### WHAT IS NEEDED
When you return the material, keep every line exactly as it is and omit the pictures.

### SOURCE DATA
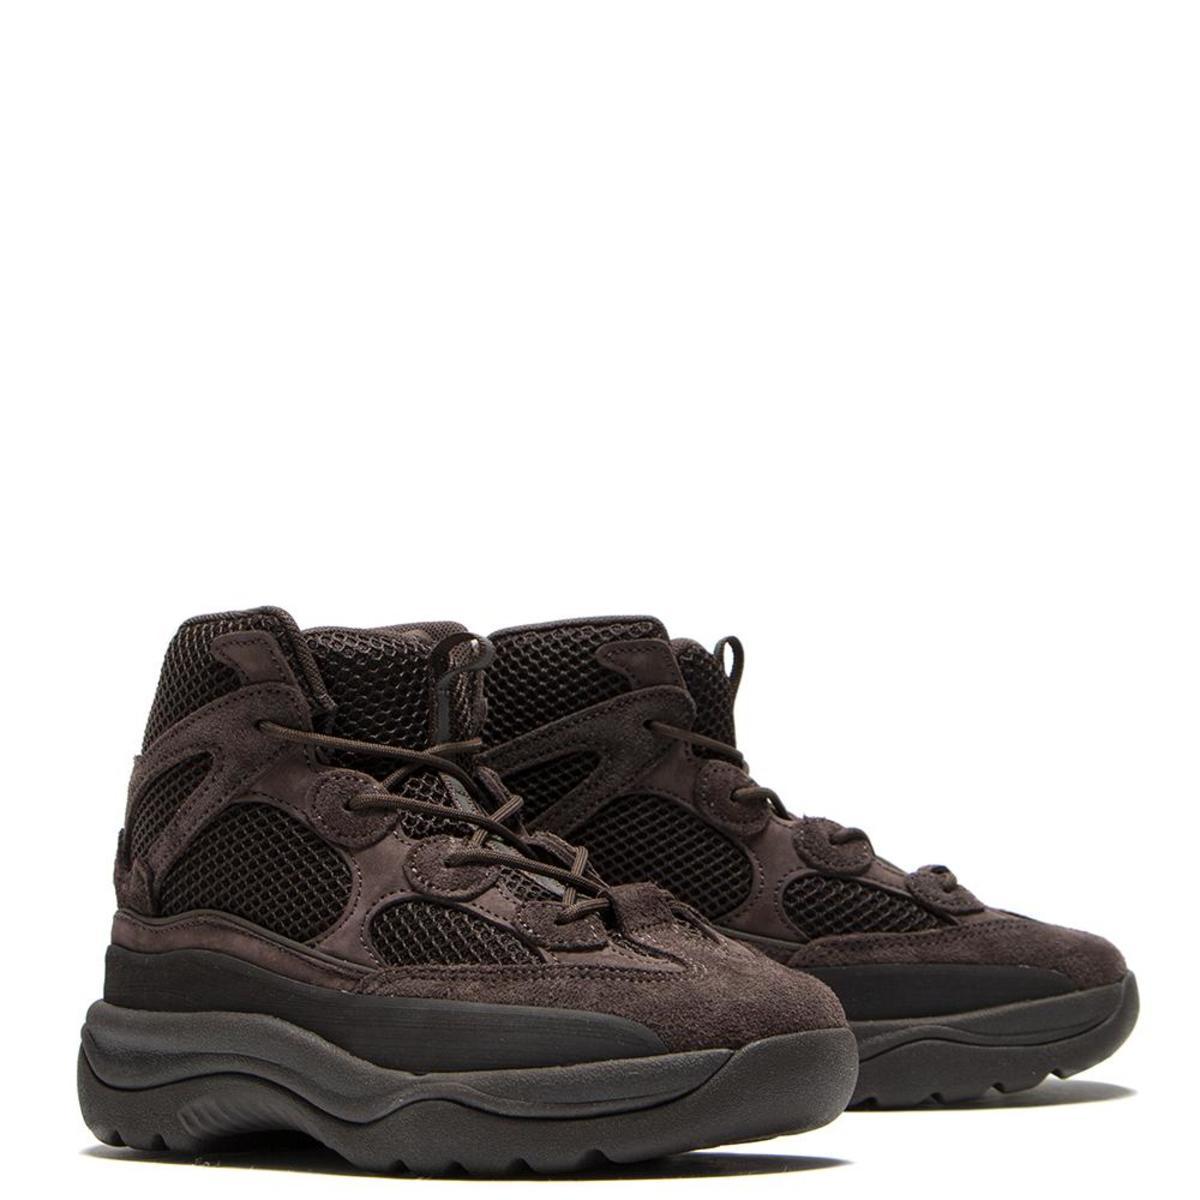 Kids adidas Originals Yeezy Desert Boot Oil
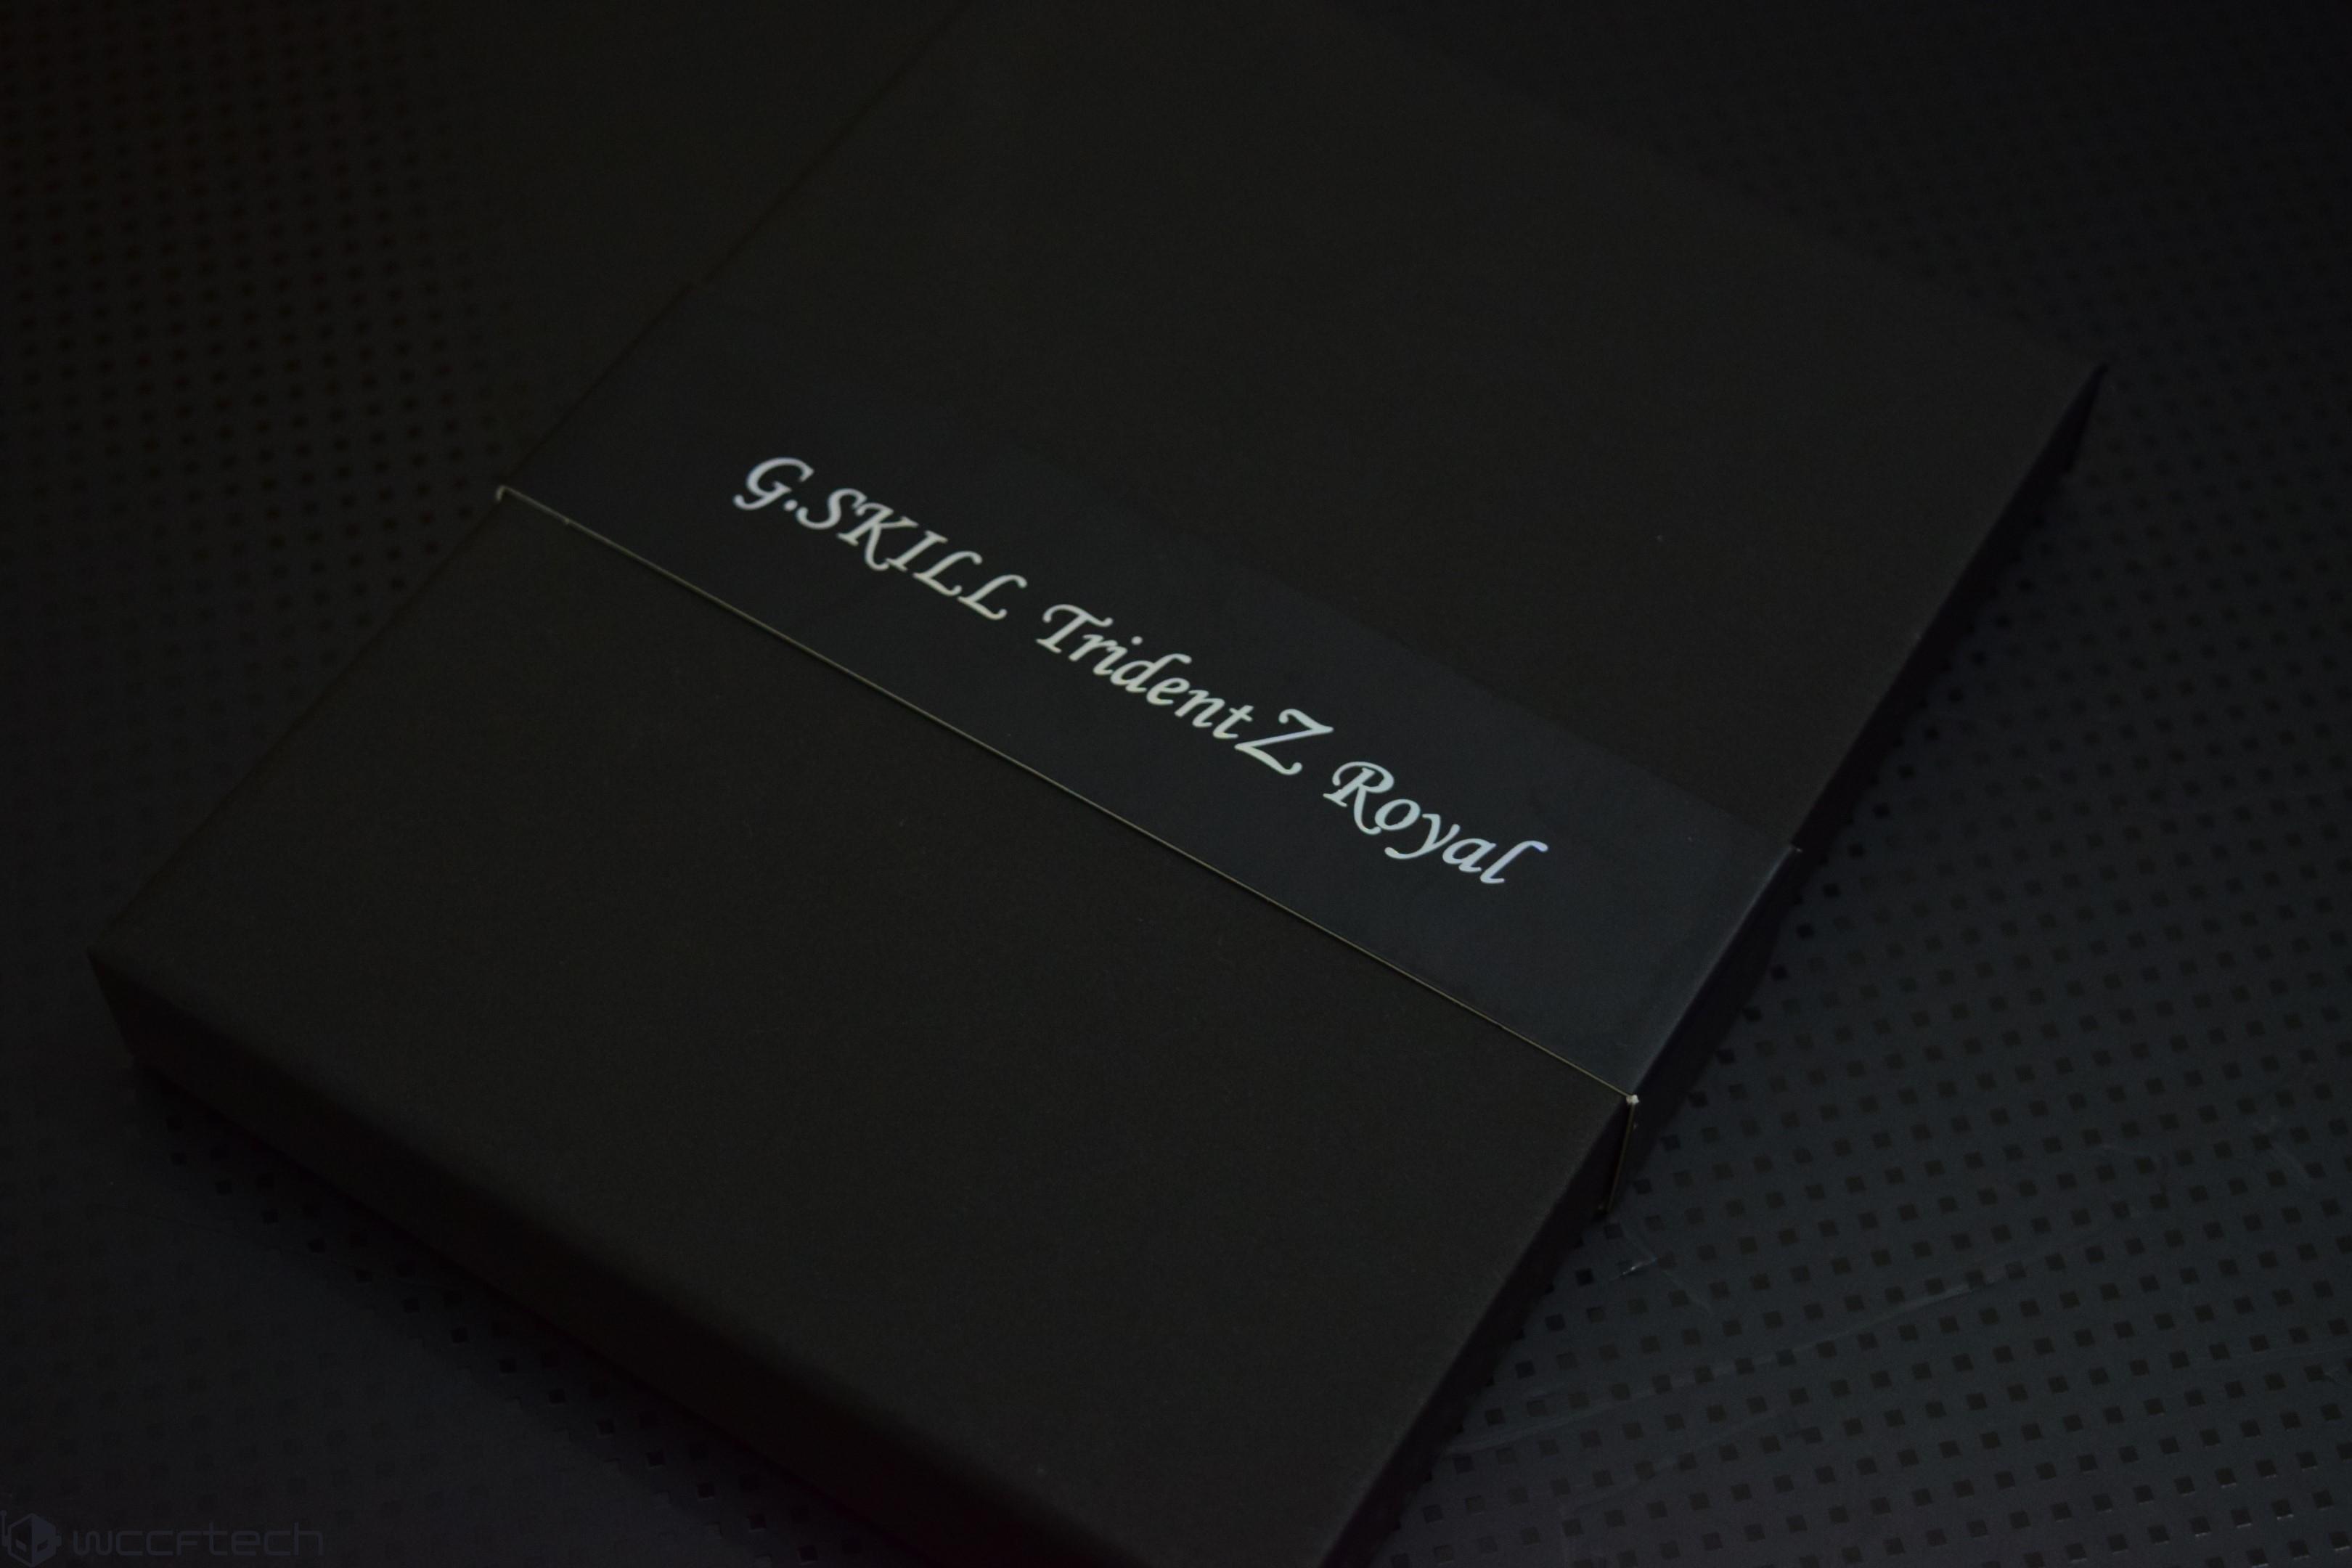 G Skill Trident Z Royal RGB 16 GB DDR4 4000 MHz Memory Kit
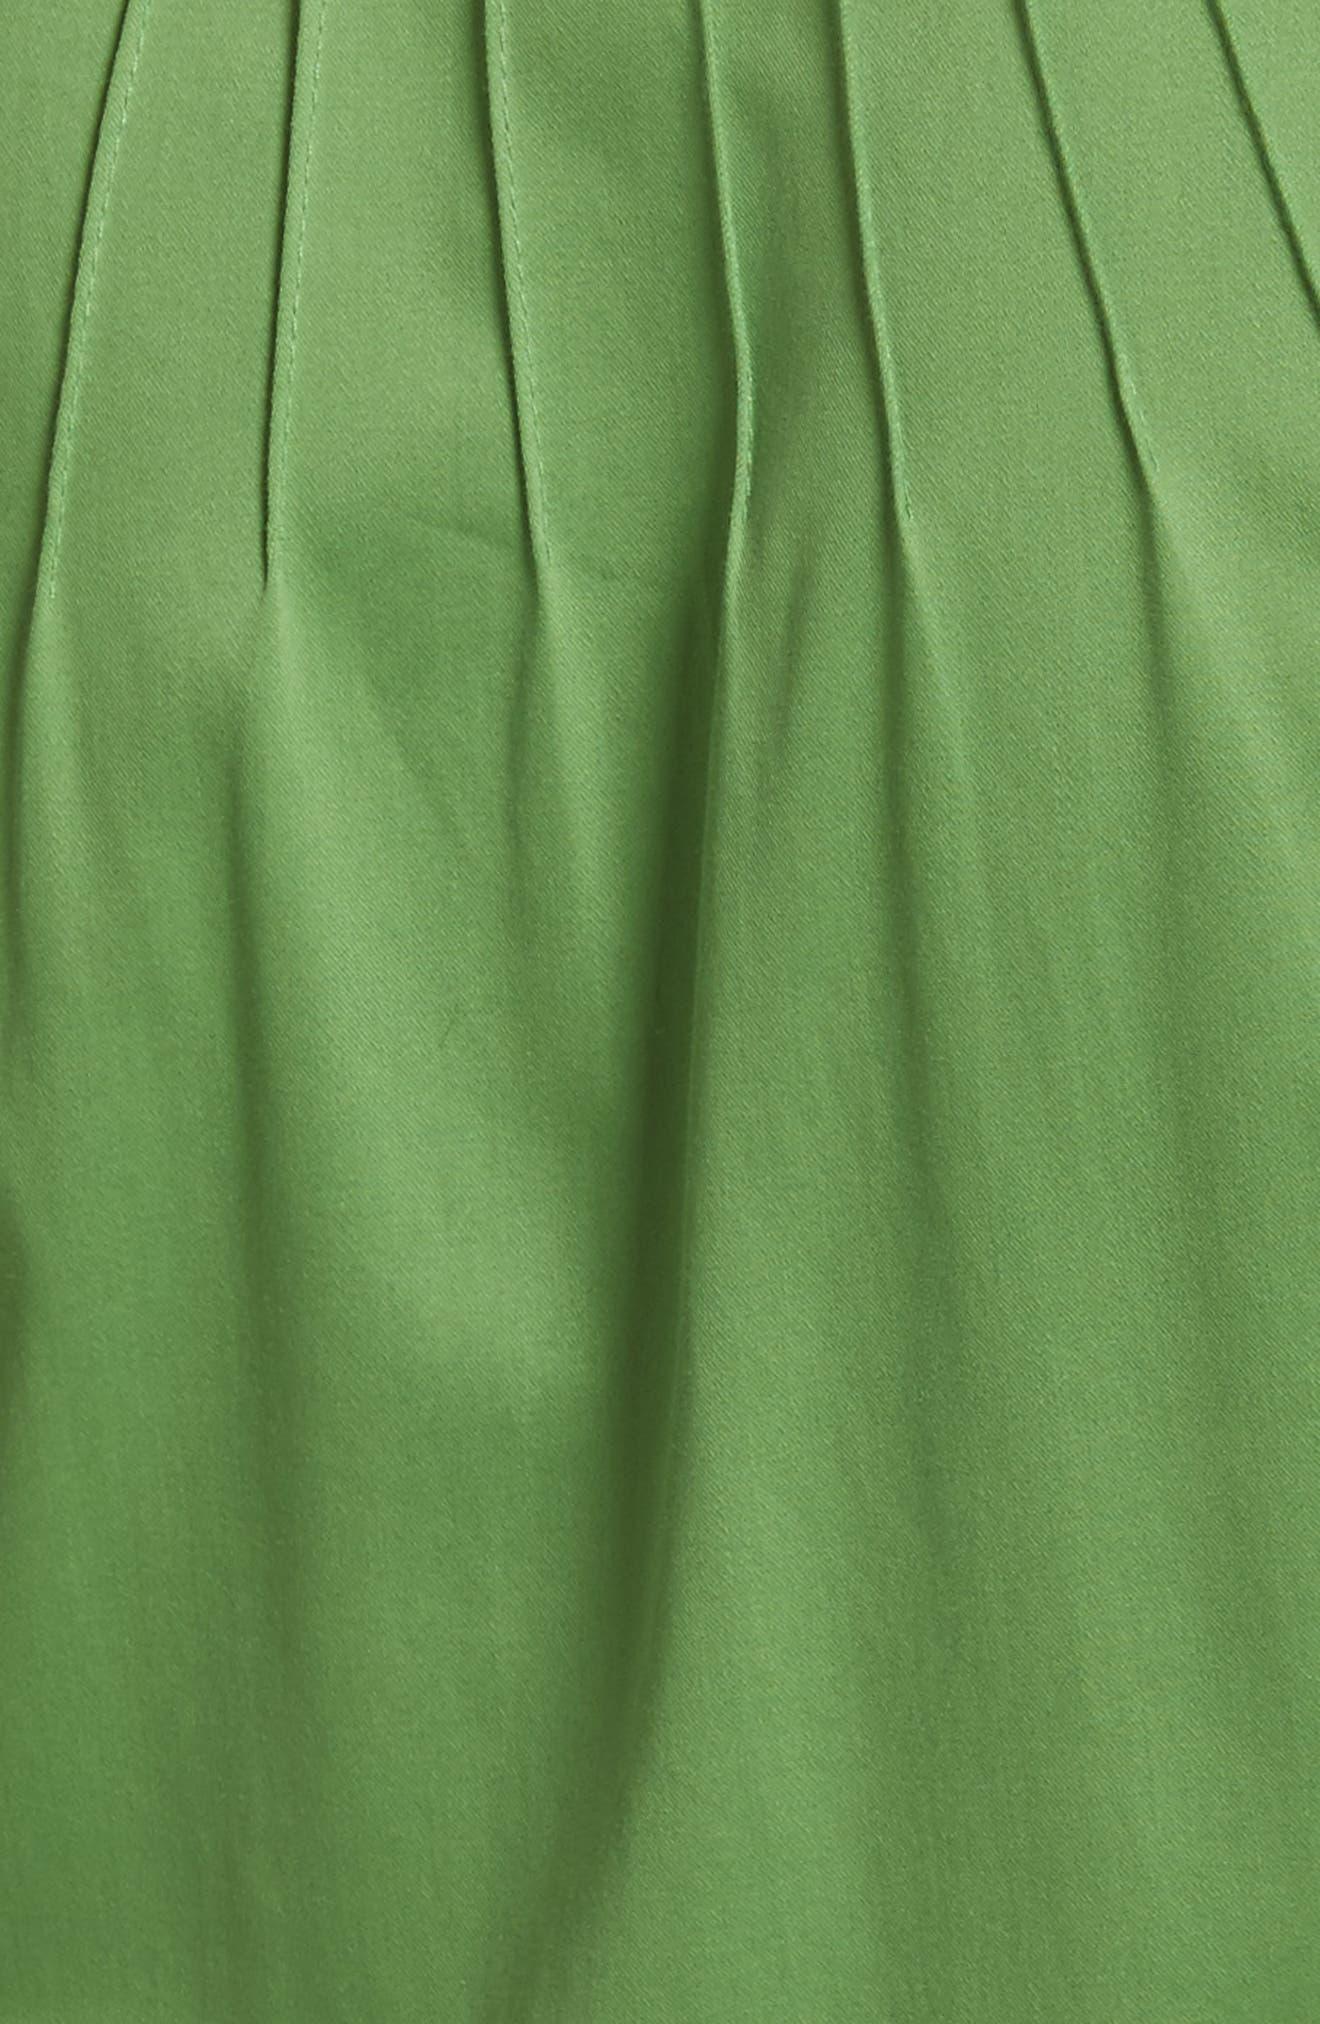 Diane von Furstenberg Pintuck Dress,                             Alternate thumbnail 5, color,                             Grass

### EXERCISE ANSWER
 Kids adidas Originals Yeezy Desert Boot Oil
 G Skill Trident Z Royal RGB 16 GB DDR4 4000 MHz Memory Kit
 Diane von Furstenberg Pintuck Dress,                             Alternate thumbnail 5, color,                             Grass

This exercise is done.